Peter Cruddas (a Tory peer) is considering splitting his online trading platform in two.
CMC Markets will be undergoing the most significant shake-up in its history since 1989’s founding. It is evaluating whether or not to split its online trading group into a retail-oriented platform and a leveraged one, giving customers spread betting options that are more risky.
Leveraged financial betting is the most popular way for the company to make its profits.

Peer: CMC Markets (pictured), an online trading platform for trading, was established by Tory peer Peter Cruddas. The company is currently evaluating whether it should be split into both a retail-oriented trading platform as well as a leveraged business.
Cruddas is a City grandiose who has worked hard in recent months for the expansion of its retail business. Retail tends not to be subject to market volatility or regulators.

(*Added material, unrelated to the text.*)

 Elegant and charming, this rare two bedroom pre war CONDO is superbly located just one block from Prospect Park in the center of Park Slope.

CMC revealed plans in June for a wealth platform that will let customers manage ISAs, as well as their own self-invested individual pensions.

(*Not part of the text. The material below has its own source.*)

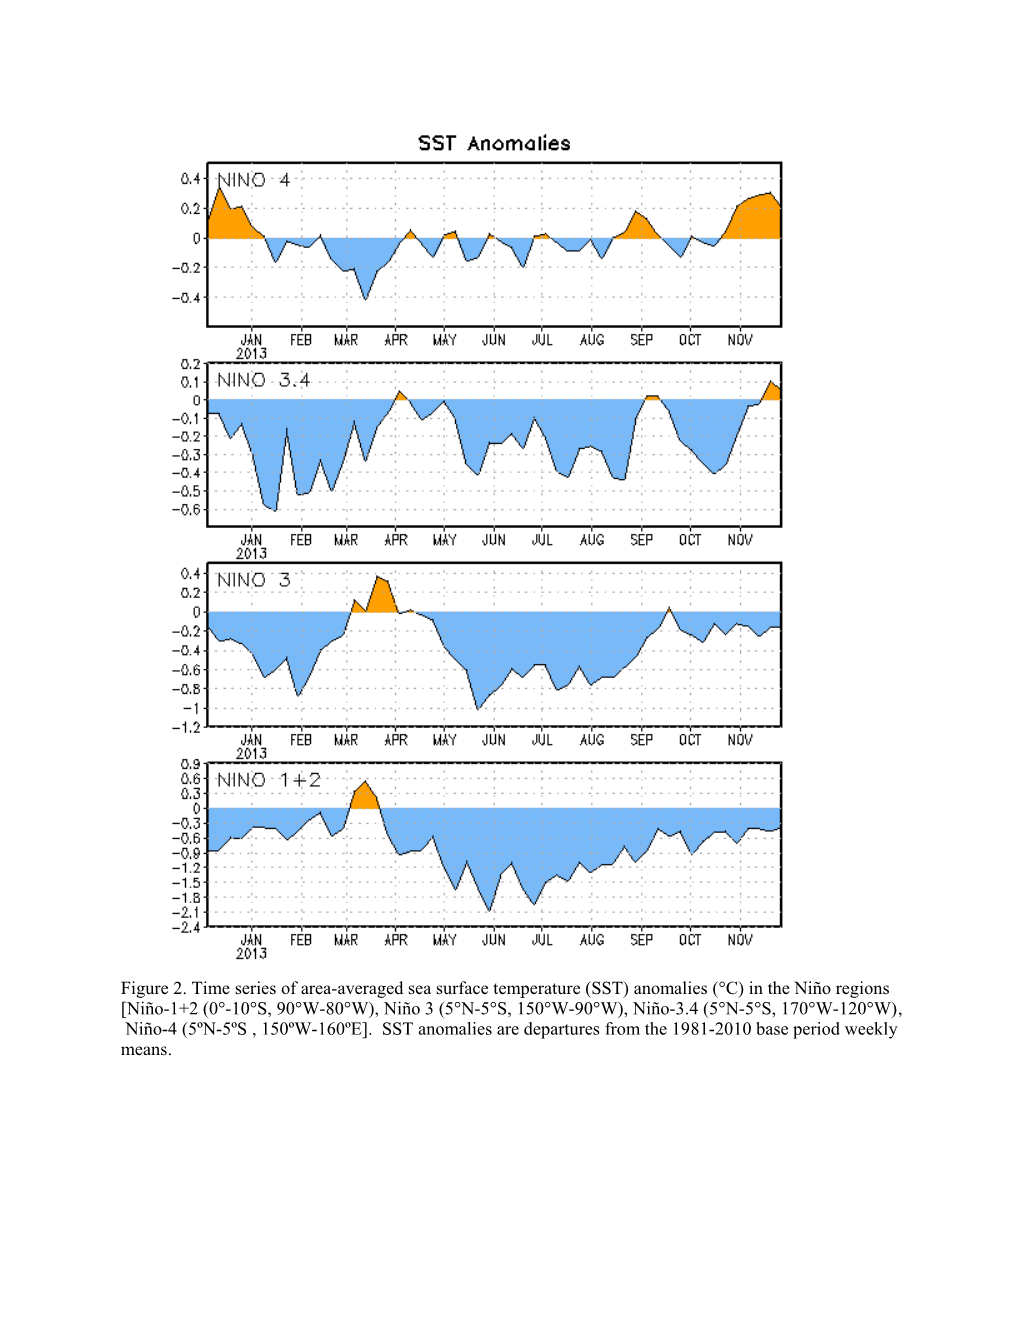 Synopsis: ENSO-Neutral Conditions May Transition to La Niña Co s2

CMC would be in direct competition for its listed competitors Hargreaves Lansdown and AJ Bell.
The company also struck a deal in September to take over 500,000 investing clients from Australian banking giant ANZ with combined assets worth around £25billion.
CMC’s board said on Monday that it was in the ‘very early stages’ of an ‘exploratory review’ around whether to divide the business.
It is anticipated that the review will start before the year ends and end by June next year.
Following speculation that the company might split, the admission was made. After the news, shares increased by 6.4 percentage points, or 16.5p.
A division could be lucrative for Cruddas, 68, who aside from being CMC’s chief executive is its largest shareholder with a stake of just over 56 per cent. Fiona, Cruddas’ wife, has a 3.1% share in the group.
CMC witnessed its business boom in lockdown, as investors who were not wealthy enough to leave their home and invest in volatile markets saw the opportunity.
The company did warn in September that trading activity was slowing down due to Covid lockdown restrictions. As a result, full-year revenue would be lower than expected.
Since the warning, CMC Markets’s shares have lost around 34 per cent of their value, wiping over £240million off Cruddas’s personal fortune.
The billionaire baron, who also formerly served as co-treasurer of the Conservative Party, attracted controversy last year when he was elevated to the House of Lords by Boris Johnson despite objections by an independent commission due to his involvement in a ‘cash for access’ scandal in 2012 involving then prime minister David Cameron.